= WHAT IS NEEDED =
From the first line to the last, set down the material exactly, leaving out its pictures.

= INFORMATION SUPPLIED =

****************

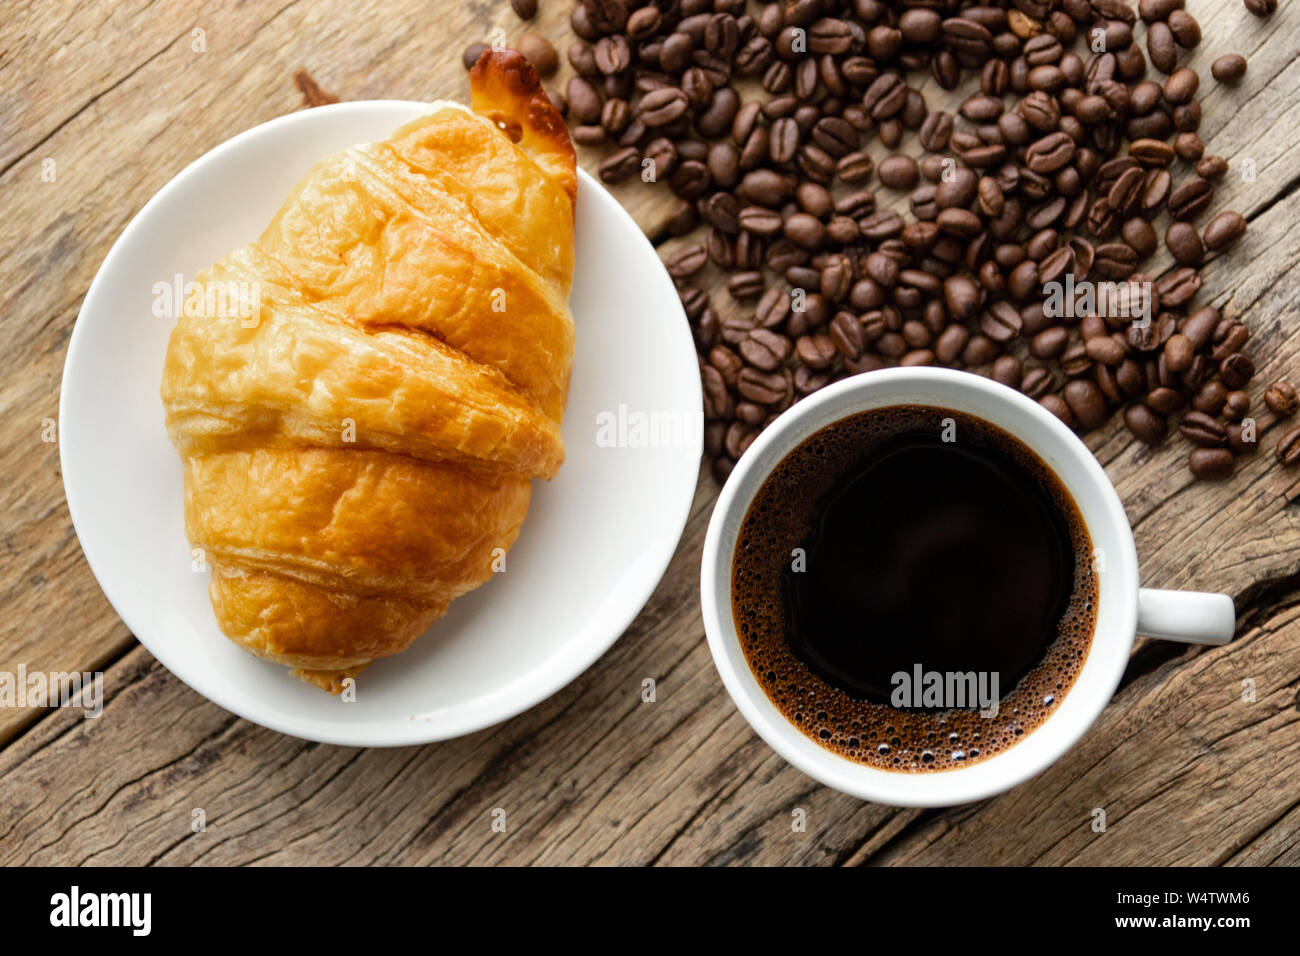 Kontinentales Frühstück mit frischen Croissants und heißen Kaffee auf hölzernen Hintergrund, Deko mit Kaffeebohnen Stockfoto
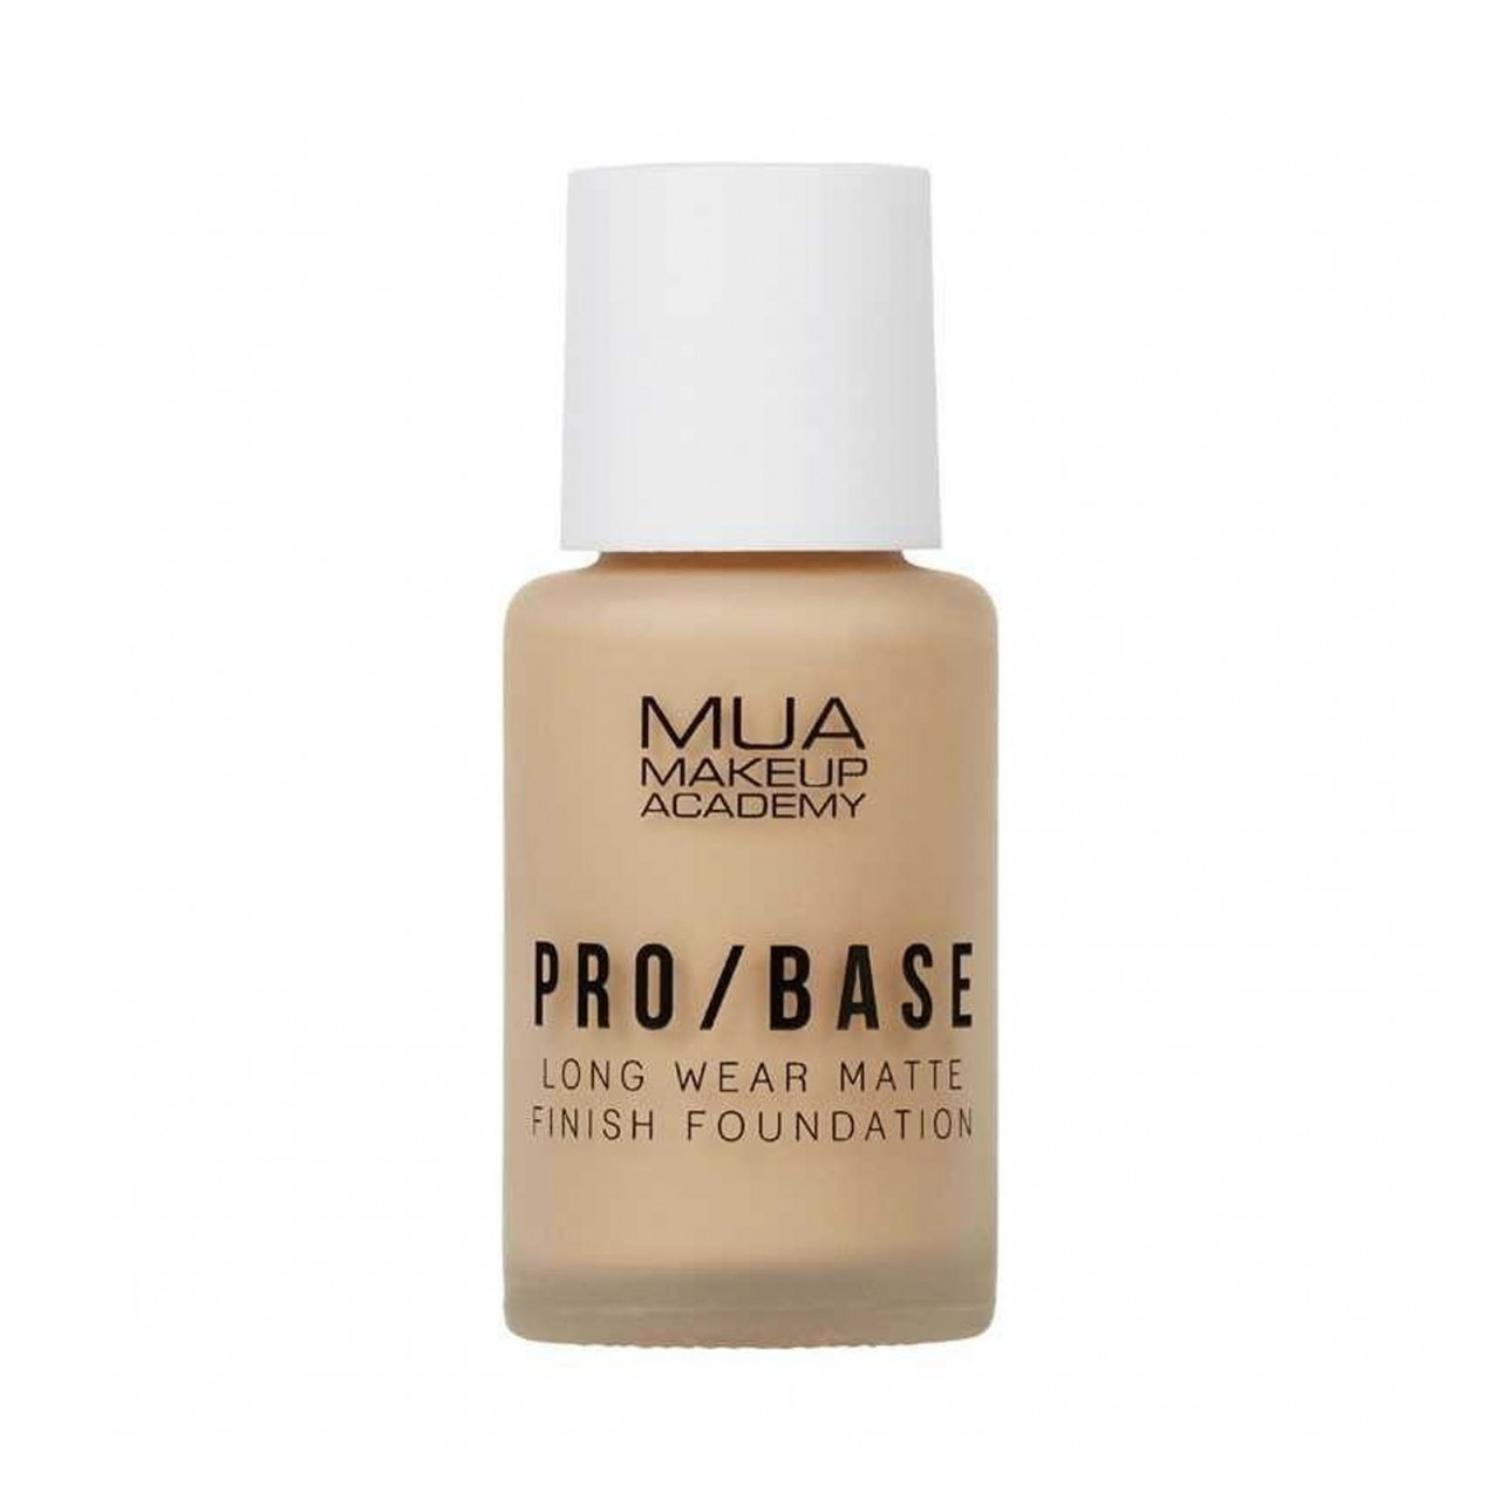 mua make up academy pro / base long wear matte finish foundation - no. 142 (30ml)
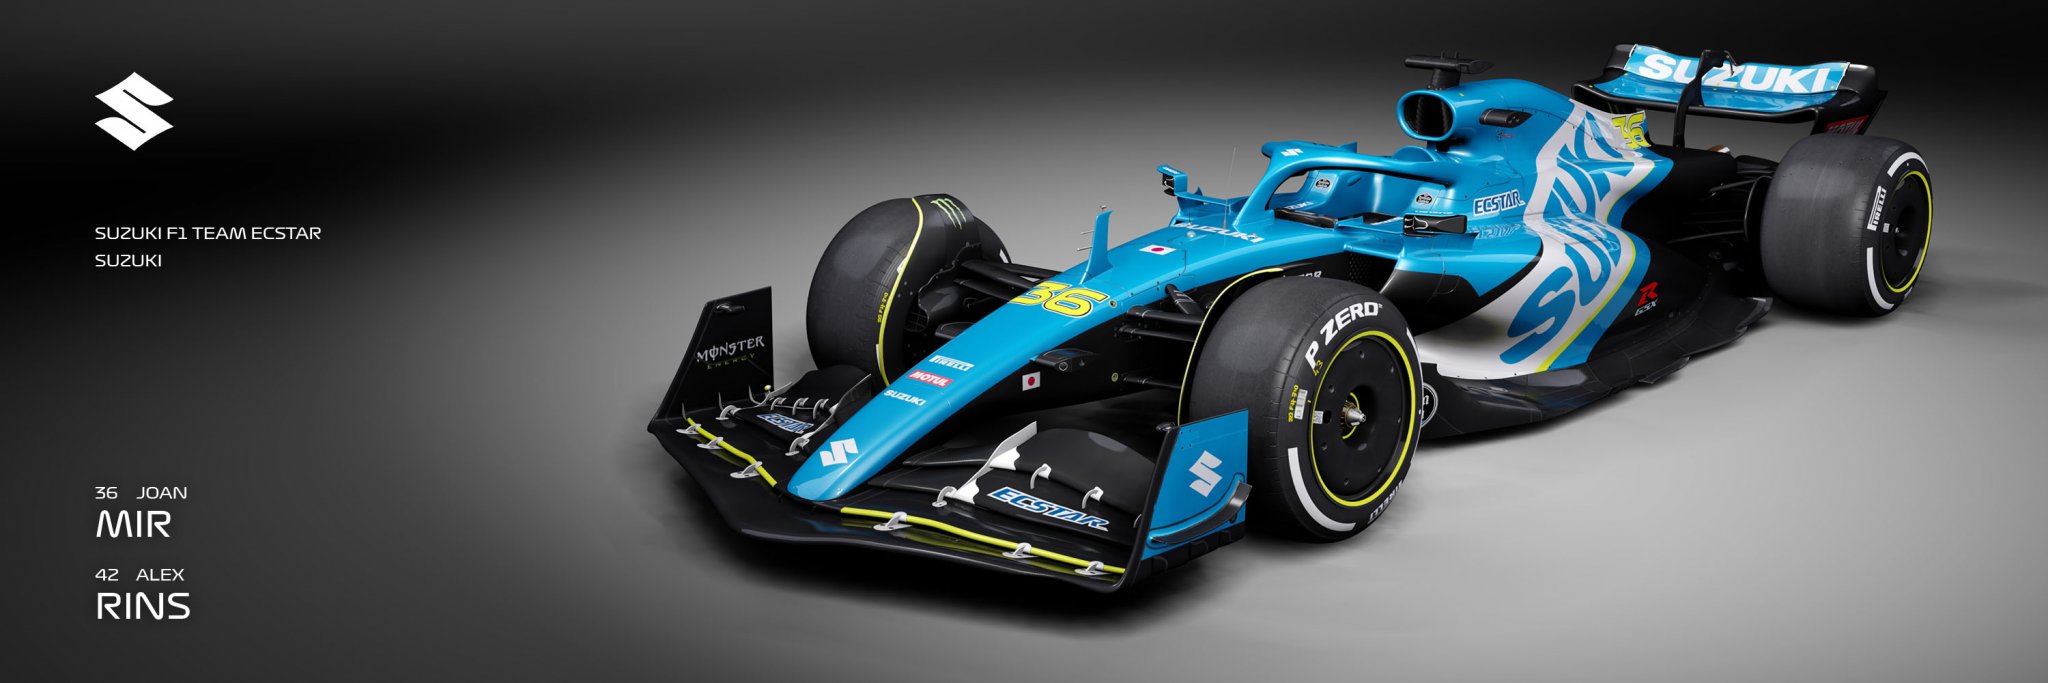 F1 Concept Preview - Suzuki F1 Team.jpg

****************

= TASK ANSWER =
 Kontinentales Frühstück mit frischen Croissants und heißen Kaffee auf hölzernen Hintergrund, Deko mit Kaffeebohnen Stockfoto
 mua make up academy pro / base long wear matte finish foundation - no. 142 (30ml)
 F1 Concept Preview - Suzuki F1 Team.jpg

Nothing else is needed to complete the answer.